The bytes never reach a server, but your organization may still require approved tooling for sensitive material. This page is not legal advice. Talk to your IT or compliance team if you have a specific policy to follow.

The page itself is loaded over the network

Loading the page (HTML, CSS, JavaScript) involves your browser, your network, and the CDN, same as any website. The video bytes are what stays local.

How to convert videos without uploading them

Run a full video conversion locally in your browser, without uploading the video to a conversion server.

01

Add your videos

Drag and drop your video files into the converter, or click to pick them.

02

Choose your settings

Pick the output format, quality, optional width, and whether to remove audio.

03

Start the batch

Click Convert files. Each file is processed locally on your device.

04

Download

Download files individually, or grab the whole batch as a ZIP.

Frequently Asked Questions

Are my files uploaded anywhere?

No. There is no upload endpoint for video on this site. Files are processed in your browser via WebCodecs and stay on your device.

How do I check that nothing is uploaded?

Open your browser's DevTools network tab and filter by media or XHR while you run a conversion. You should not see a request body containing your file. The only network traffic should be for static page assets.

Is this a good fit for sensitive or work-related video?

For many privacy-conscious workflows, yes; the bytes do not leave your device. For anything covered by a specific organizational policy, treat this page as one option to evaluate, not a compliance promise.

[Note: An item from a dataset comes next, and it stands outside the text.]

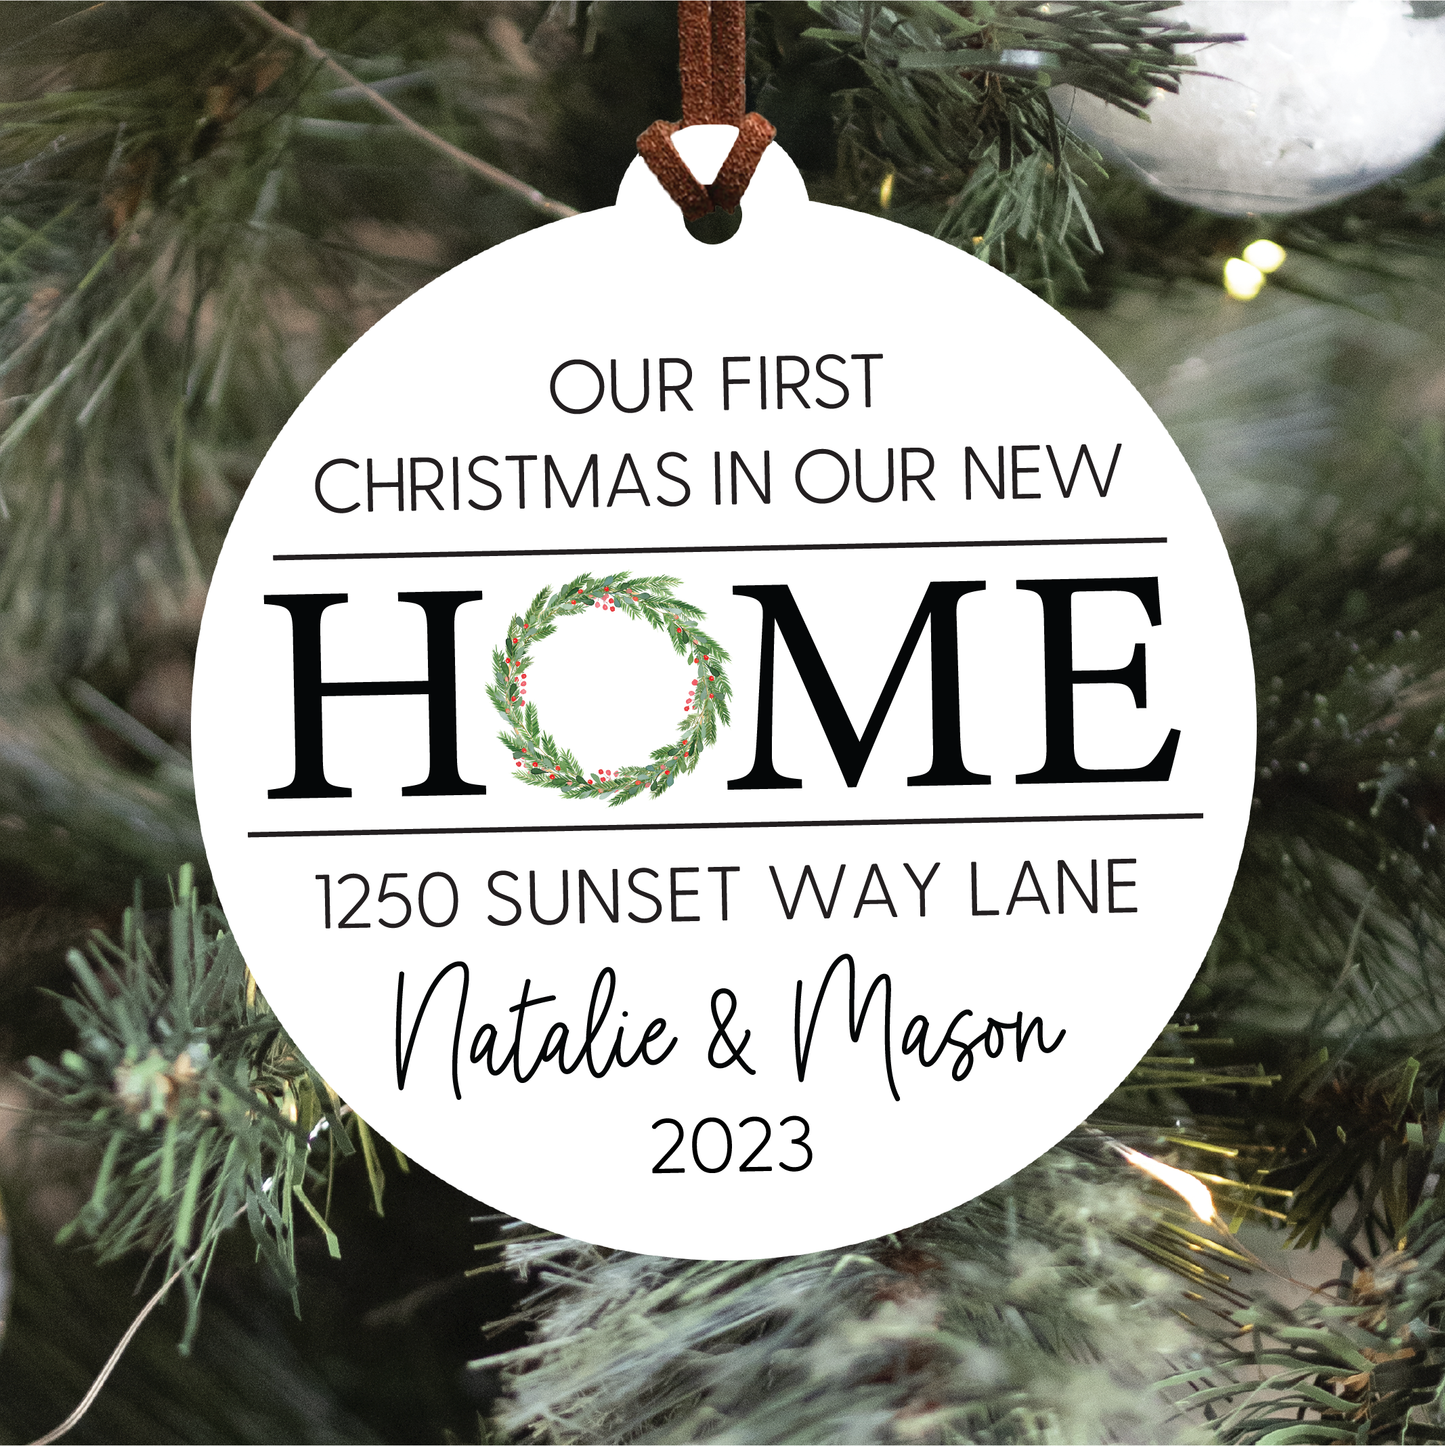 Personalized New Home Christmas Ornament | House or Round | V2 Wreath

What about the IP address mentioned in the privacy page?

Vercel may briefly process your IP for abuse prevention on page load, the same way any web host does. It is not associated with the contents of any file because no file is sent.

Which browsers does this work in?

Conversion uses the WebCodecs API. Fully supported: desktop Chrome 94+, Edge 94+, Opera 80+, Firefox 130+, and Safari 26+. Safari 16.4 to 25 work for most files but some may fail because their WebCodecs implementation is partial. Browsers without WebCodecs (Chrome/Edge <94, Firefox <130, Safari ≤16.3, Internet Explorer) cannot run the converter at all. Mobile browser support is improving but inconsistent, so a desktop or laptop is recommended for batch work.